Ardozyga loxodesma

Scientific classification
- Kingdom: Animalia
- Phylum: Arthropoda
- Clade: Pancrustacea
- Class: Insecta
- Order: Lepidoptera
- Family: Gelechiidae
- Genus: Ardozyga
- Species: A. loxodesma
- Binomial name: Ardozyga loxodesma (Meyrick, 1904)
- Synonyms: Prodosiarcha loxodesma Meyrick, 1904;

= Ardozyga loxodesma =

- Authority: (Meyrick, 1904)
- Synonyms: Prodosiarcha loxodesma Meyrick, 1904

Species of moth

Ardozyga loxodesma is a species of moth in the family Gelechiidae. It was described by Edward Meyrick in 1904. It is found in Australia, where it has been recorded from South Australia.
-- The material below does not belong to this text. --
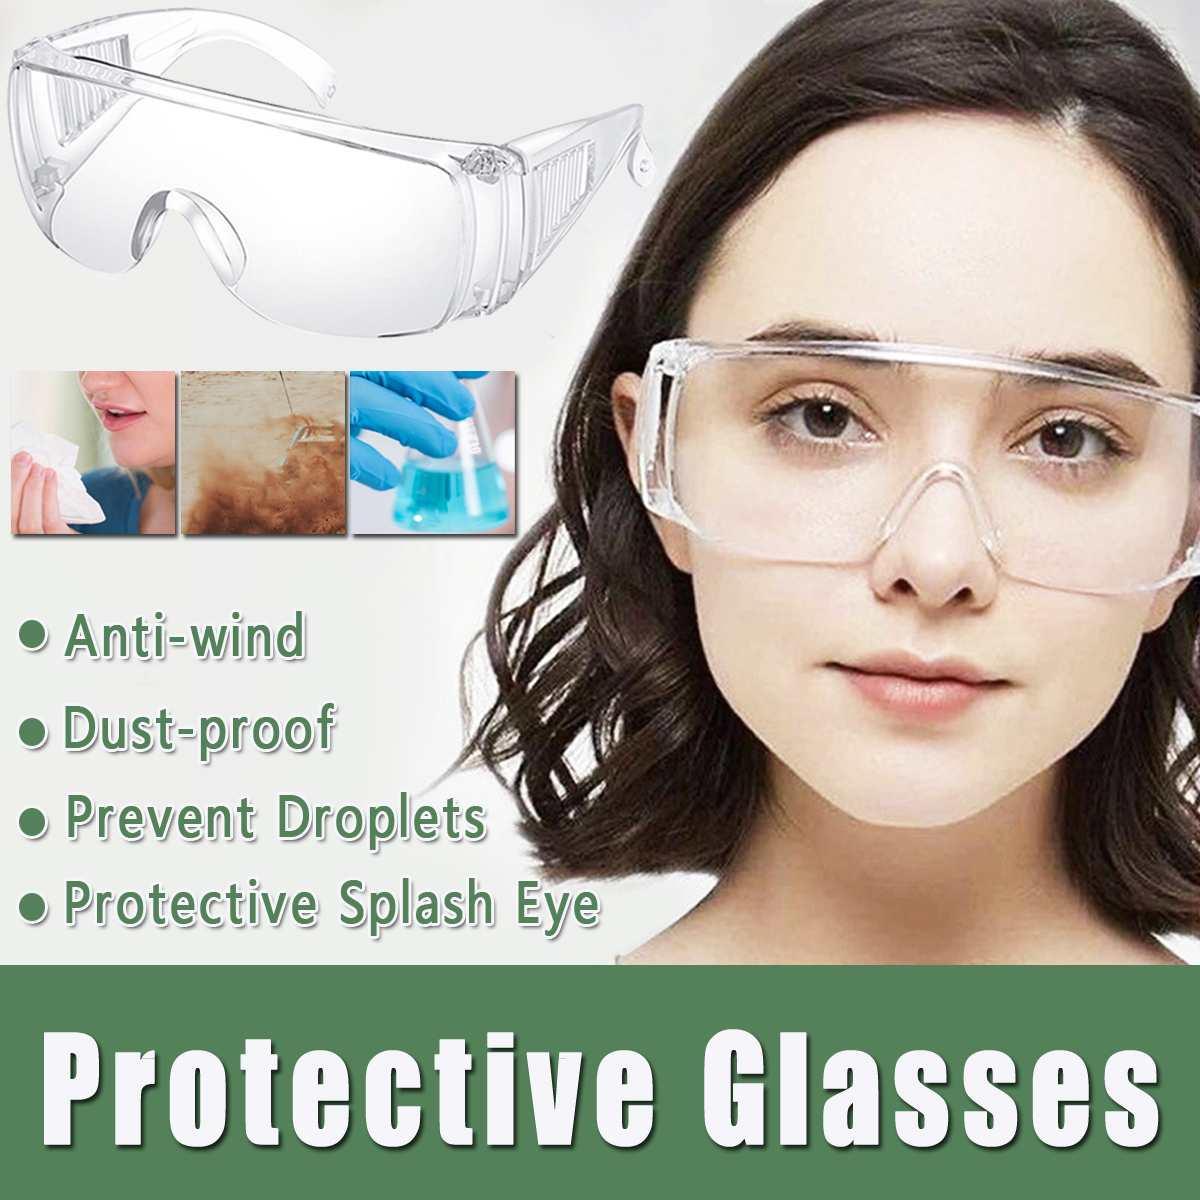 Safety Goggles Glasses Transparent Dust-Proof Glasses Working Glasses Lab Dental Eyewear Splash Eye Protective Anti-wind Glasses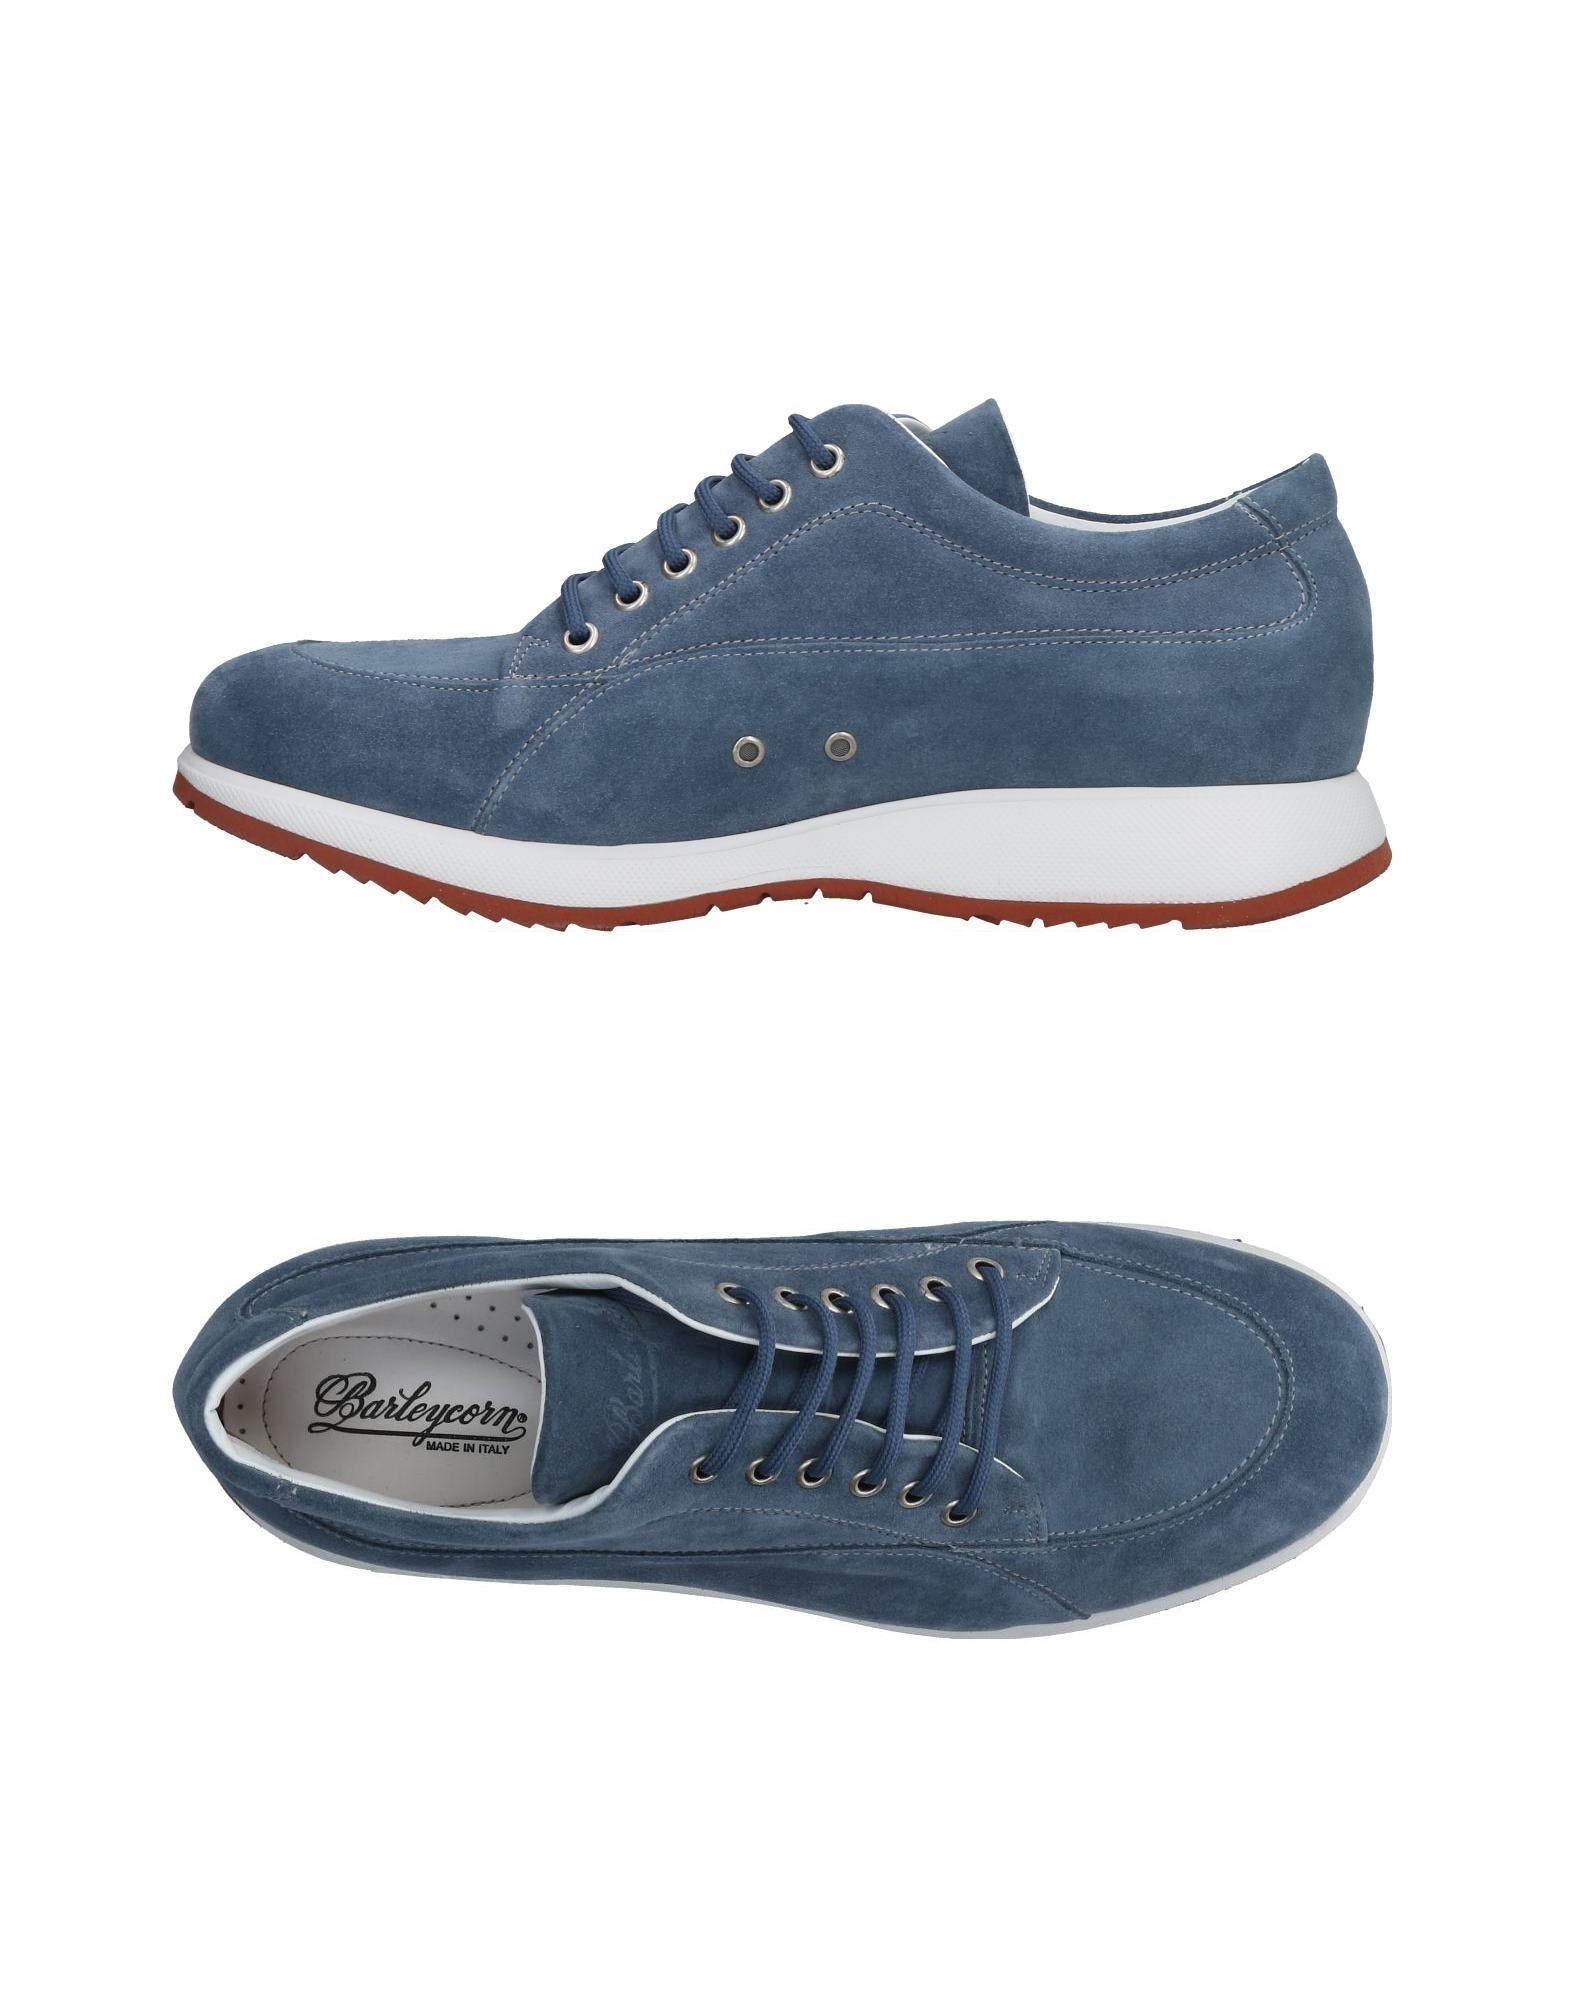 Moda Sneakers Barleycorn Uomo - - - 11467328MO e83f55

The wingspan is 11–14 mm. The forewings are rather dark fuscous, finely irrorated (speckled) with whitish and with a spot on the costa at one-fourth, a straight oblique fascia from before the middle of the costa to before the tornus, and an angulated subterminal series of spots very close to the posterior portion of the costa and termen dark fuscous, undefined and often indistinct. The hindwings are orange, the posterior half suffused with dark fuscous.